What is needed is the full set of records, word for word, with no pictures.

╭─ Data section

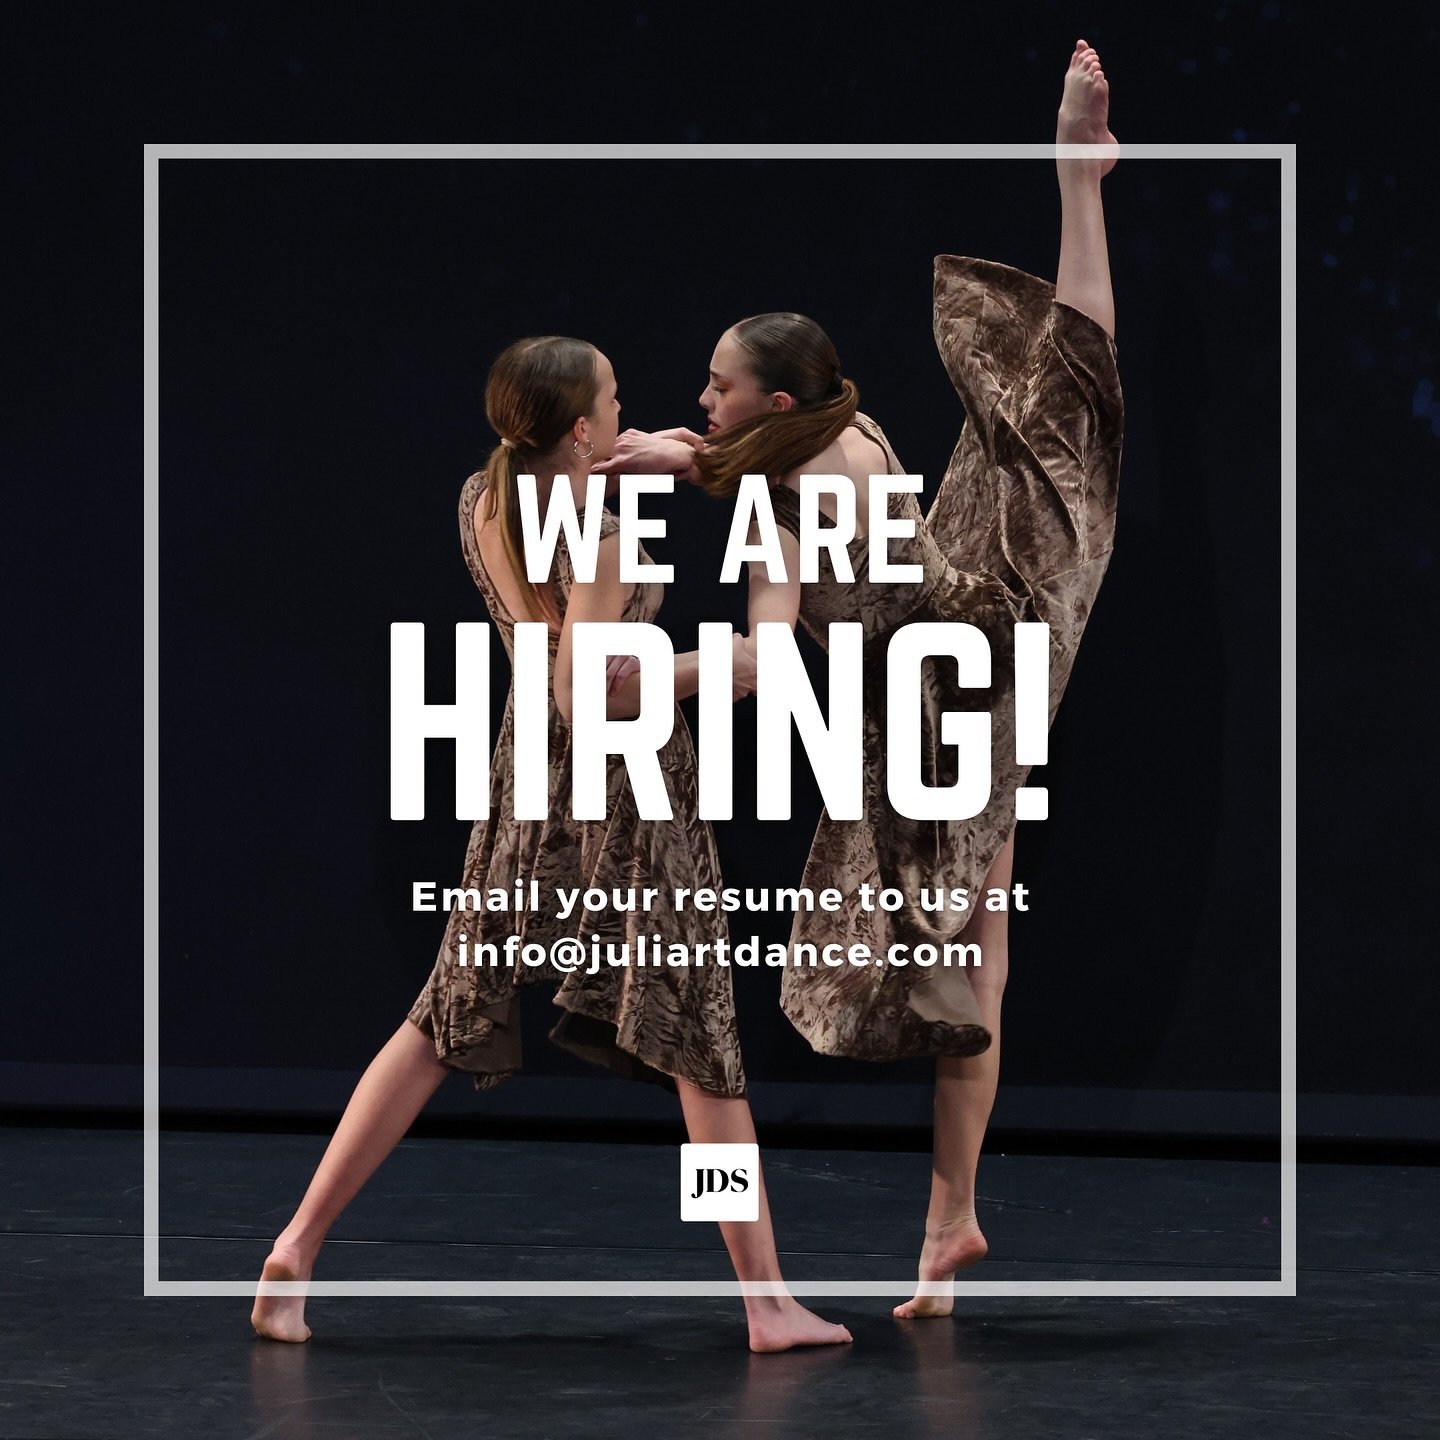 We&rsquo;re hiring! ✨

Interested in joining the Juliart fam!? Send your resume over to info@juliartdance.com - We&rsquo;d love to chat with you!
&bull;
&bull;
&bull;
#juliartdancestudio #juliartdance #hiringdanceteachers #danceteacherhiring #hiringd
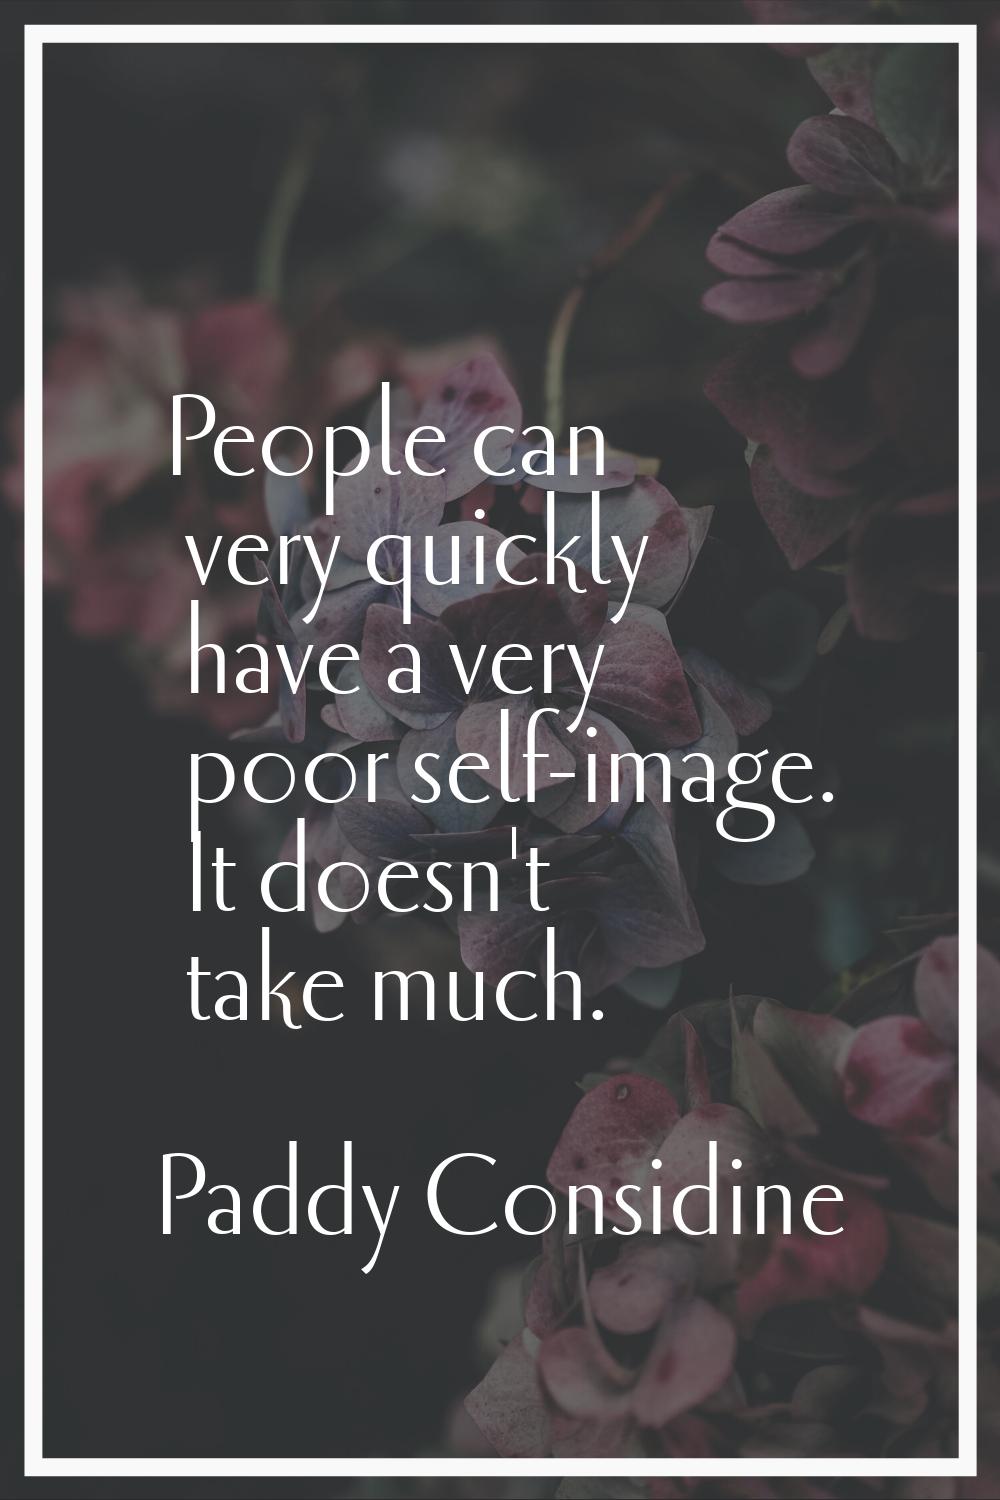 People can very quickly have a very poor self-image. It doesn't take much.

╰─

• _Result for this exercise_
 We&rsquo;re hiring! ✨

Interested in joining the Juliart fam!? Send your resume over to info@juliartdance.com - We&rsquo;d love to chat with you!
&bull;
&bull;
&bull;
#juliartdancestudio #juliartdance #hiringdanceteachers #danceteacherhiring #hiringd
 People can very quickly have a very poor self-image. It doesn't take much.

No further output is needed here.